The temperature read sixty-two degrees. It felt hot. Cloudy. Rainy. We hauled pretty close to fifty pounds each up to Evolution Valley. The climb was crazy and amazing and beautiful and hard and I loved it. We stopped at a creek crossing in Evolution Meadow. Magically, the rain stopped as well. I took off my shoes and lay down in the grass.
We were the only people on Earth. Just as it should be.
I watched the sky for the longest time, the clouds shape-shifting. Taffy. Cotton candy. Ancestors peeking down to see what we were up to.
We crossed the creek, shoes tied to our packs. We were getting exhausted. The clouds came back together, knitting themselves into a black blanket. It rained some more, but never too hard. We walked through it. It wasn’t cold as long as we were moving.
Aidan stopped to take a photo. The meadow was beautiful. The clouds dripped down through the tops of the trees. Just as he focused the camera, a huge lighting bolt split the sky, so close our eyes burned. Aidan changed his mind about the photo and we hustled back into the trees. We scurried through subsequent sections of open meadow, and as he does, Aidan pointed at nothing…”I bet there’s a camp right over there.”

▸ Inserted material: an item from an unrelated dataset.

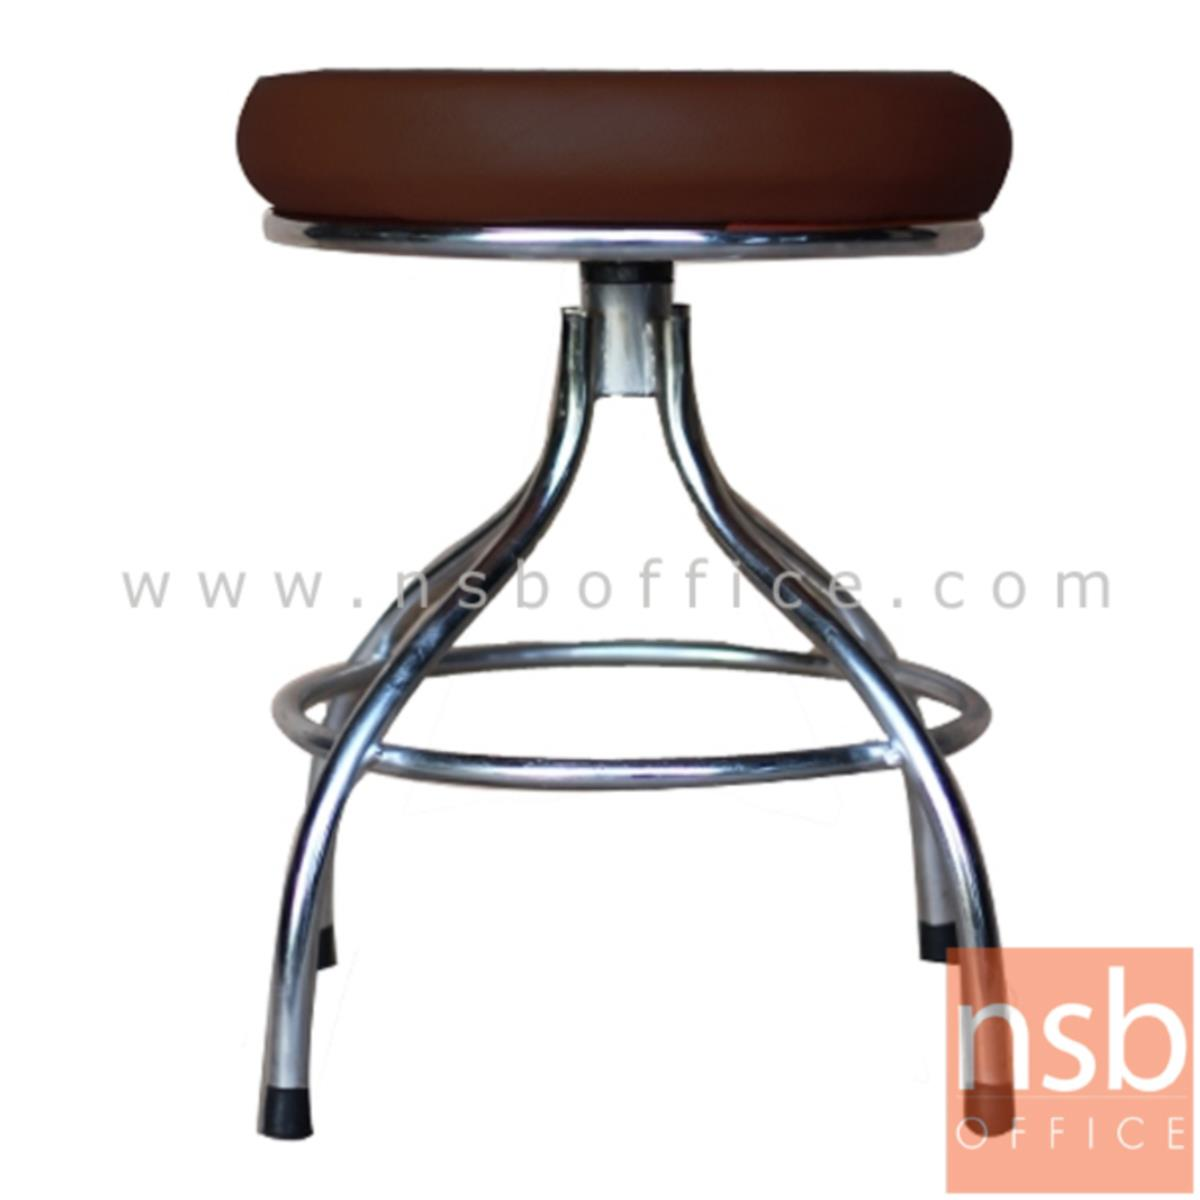 B09A102:เก้าอี้บาร์สตูลที่นั่งกลม รุ่น Whitley (วิทลีย์)  ขาทรงถ้วยชุบโครเมี่ยม

So I followed him off to the right again, and as usual, we found a perfect horse camp. Gorgeous and open but with enough trees over a perfectly flat tent site. Enough to keep us dry. Tiny plants and grasses and flowers flanked by enormous old trees. This valley felt ancient. I could feel thousands of years of history. Tens of thousands. It spoke to my soul. Me and the Universe, all buddy-buddy.
We ate, and barely made it in the tent before we were asleep. It was still light.
The diet I went on this morning pretty much ended up just leaving me hungry. Typical diet.
Think I’m done with that whole idea. Whether or not my shorts fit.